# 88 735i new battery is dead and now won't hold a charge



## iainlsheridan (Dec 3, 2008)

I bought this 88 735i about 2 weeks ago and bought a brand new battery the night i got the car and then 2 days ago the battery was dead and now won't hold a charge over night. I really need a cheap way to fix this because I can't keep jumping this every morning...Any help would be great:thumbup:


----------



## TerryY (Jul 20, 2003)

Have the battery tested where you bought it? They should replace it under warranty.

Even if something in the car drug it down it should charge up again unless the battery is defective.


----------



## iainlsheridan (Dec 3, 2008)

Is there anything that could be draining the power? this is my first bmw and i don't know anything about them, it seems a little odd that after a week the battery dies all of a sudden and then can't hold a charge over night.


----------



## TerryY (Jul 20, 2003)

If the car is staying awake (odometer stays on) it could run a fresh battery down in a week or two. BUT the battery should take a charge after being discharged like that.

I have had a brand new battery die overnight in cold weather so it isn't impossible that the battery is the problem.


----------



## iainlsheridan (Dec 3, 2008)

Again i know nothing about BMW's. How would the car stay awake?


----------



## TerryY (Jul 20, 2003)

The big BMWs shut all the little electronic toys down after it is sure that you are not going to use them again. If you turn the key off and stay sitting in the car you will hear motors running behind the dash for several minutes as everything in the climate system among other things return to their start positions. When all of the housekeeping tasks are done the car goes to sleep to minimize battery drain

If you shut it off and get out in about 15 minutes the lights in the odometer will go off. That is the sign that the car is asleep. You can check the lights thru the windows because opening the door makes it partially wake up. Turning the key wakes it up the rest of the way.

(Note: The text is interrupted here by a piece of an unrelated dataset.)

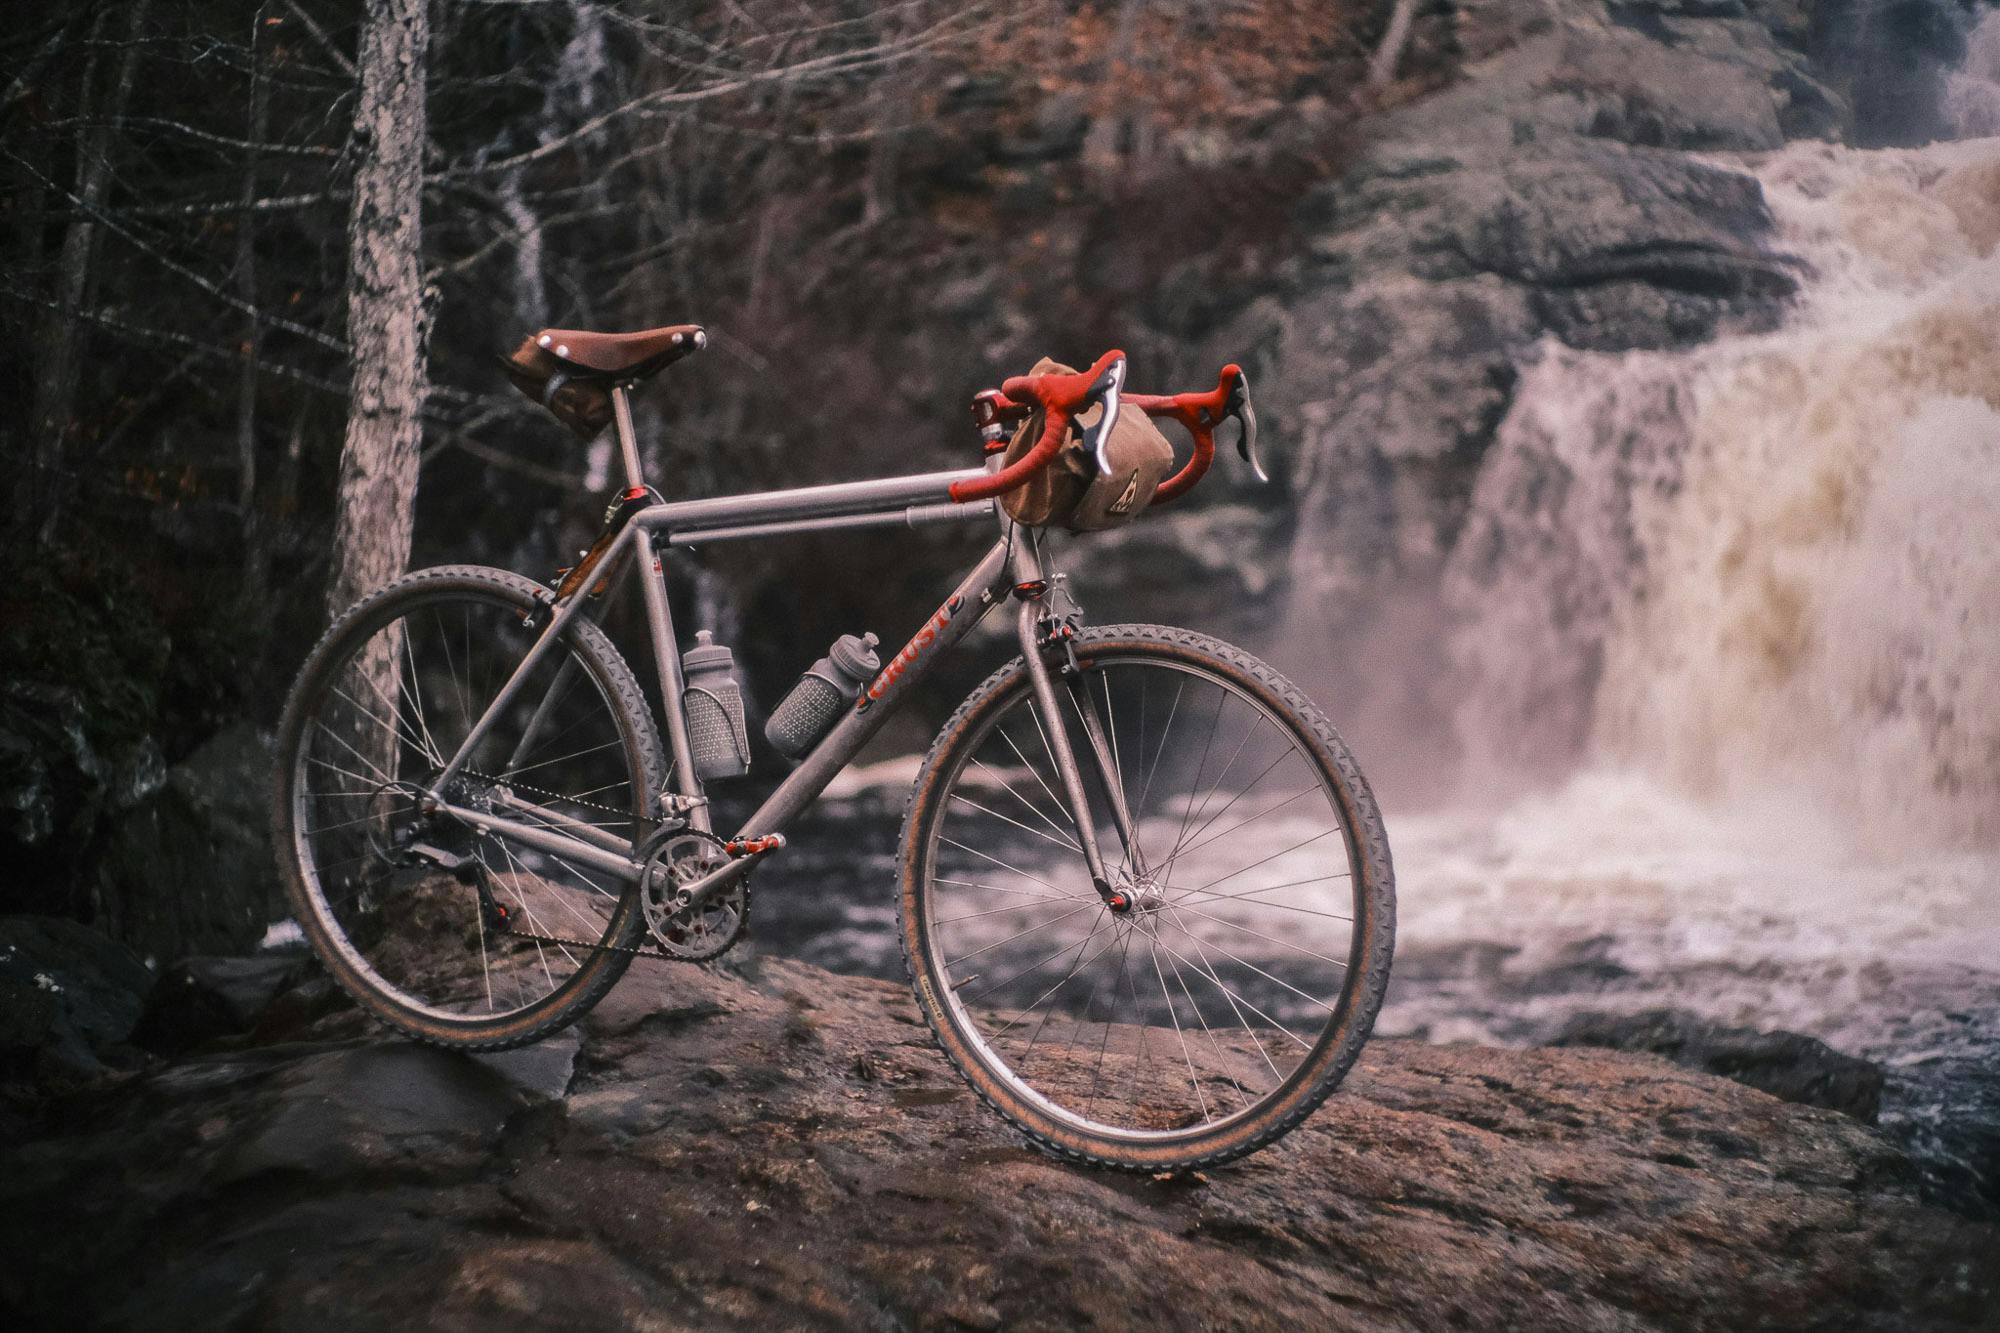 Ronnies Crust bike near a waterfall.

If it doesn't go to sleep then something is not shutting off in the car electronics and it will run the battery down. The E31 8 series is notorious for not going to sleep and running the batteries down. It takes a couple of weeks to run them down but they have 2 batteries about the same size as the one in your 7.

One of the things that I never could figure out was why with all of the fancy stuff didn't they include a complete auto light shut down when everything else had it.


----------



## M.Wong (Jan 9, 2003)

TerryY said:


> Have the battery tested where you bought it


iainlsheridan, did you start with the basics?

It does happen, a brand new battery ends up being bad. You should start there, then check for a mystery drain.


----------



## iainlsheridan (Dec 3, 2008)

I know i sound pretty pathetic at this point but how do you check for power drains? I am a PC geek and don't know anything about cars


----------



## iainlsheridan (Dec 3, 2008)

Is there a way to turn off sleep mode so everything just shuts off when i turn off the car?


----------



## M.Wong (Jan 9, 2003)

I'd still like to know if you followed TerryY's suggestion first. :dunno:


----------



## iainlsheridan (Dec 3, 2008)

Well last night I tried to jump the car and nothing so my uncle is replacing the battery now since I am at work, I am assuming that will work but i am afraid that the battery will die again after a week.


----------



## TerryY (Jul 20, 2003)

iainlsheridan said:


> Well last night I tried to jump the car and nothing so my uncle is replacing the battery now since I am at work, I am assuming that will work but i am afraid that the battery will die again after a week.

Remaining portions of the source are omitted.